Califano and Bosker are also licensing the DarwinHealth tools to other researchers around the world to test against cancer. In January, Beijing Cancer Hospital confirmed it would be using DarwinHealth’s tools to guide treatment for patients in clinical trials there. Xiaotian Zhang, an oncologist leading the new study, says that if early results look promising, the research will be expanded to other hospitals. “These clinical studies will all focus on gastrointestinal tumors, particularly gastric and esophageal cancer,” Zhang says.

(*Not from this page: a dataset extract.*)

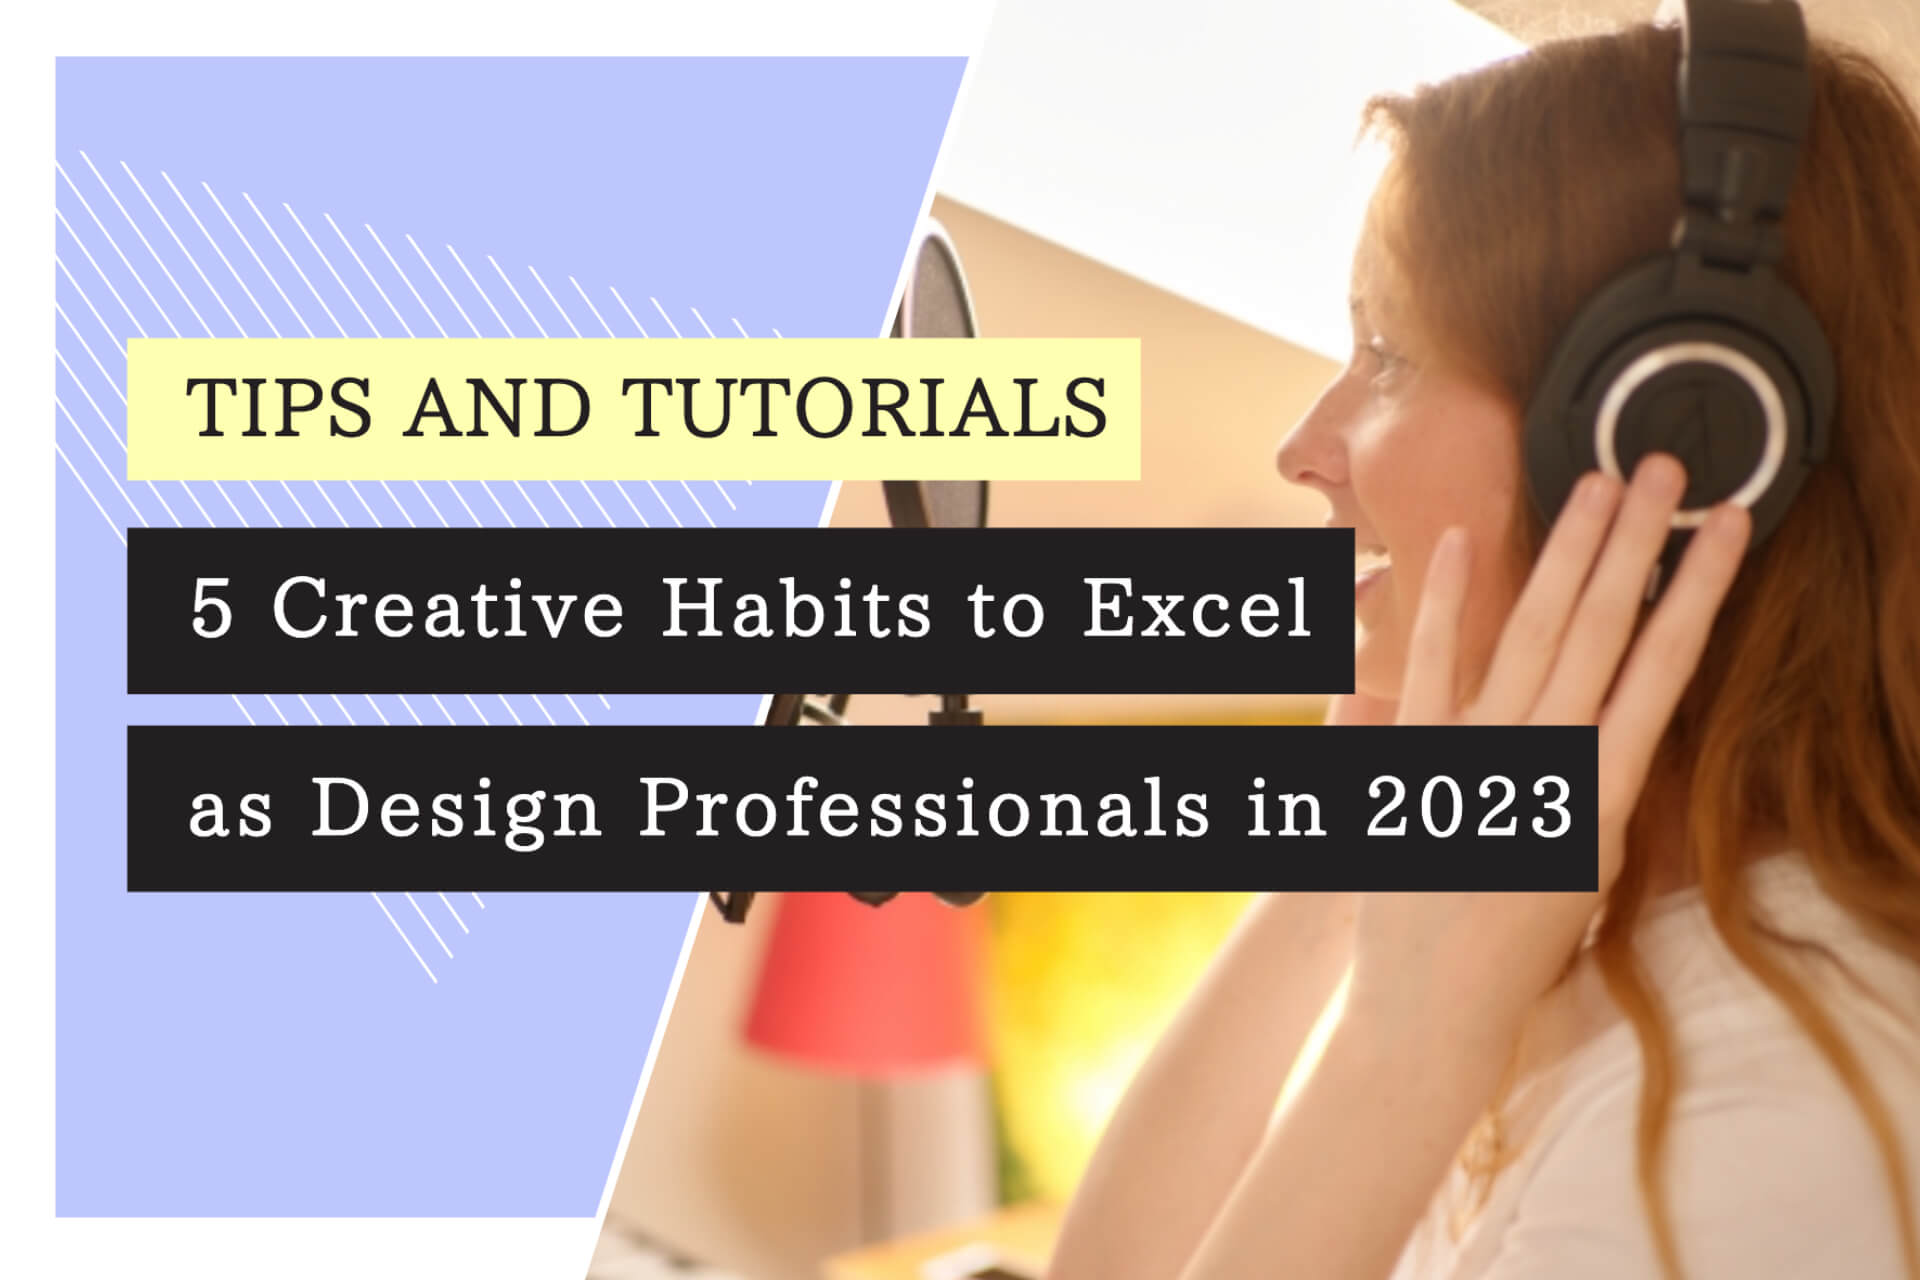 5 Creative Habits to Excel as Design Professionals in 2023

As the DarwinHealth approach goes into more clinical testing sites, more patients like Kapotes will receive drugs never intended to fight their particular cancers. For some people, like her, it might buy precious time. For more than 2 years after she enrolled in the ruxolitinib trial, Kapotes’s cancer remained stable. When scans eventually showed her tumor had started to grow again, Tiersten switched her to another medication, which had just received FDA approval. These days, Kapotes is taking time to enjoy her retirement and her family. The newly approved drug she now takes works through a different mechanism, but Kapotes never would have had the chance to take it if not for ruxolitinib. “She hung on long enough because she was in the trial,” Tiersten says.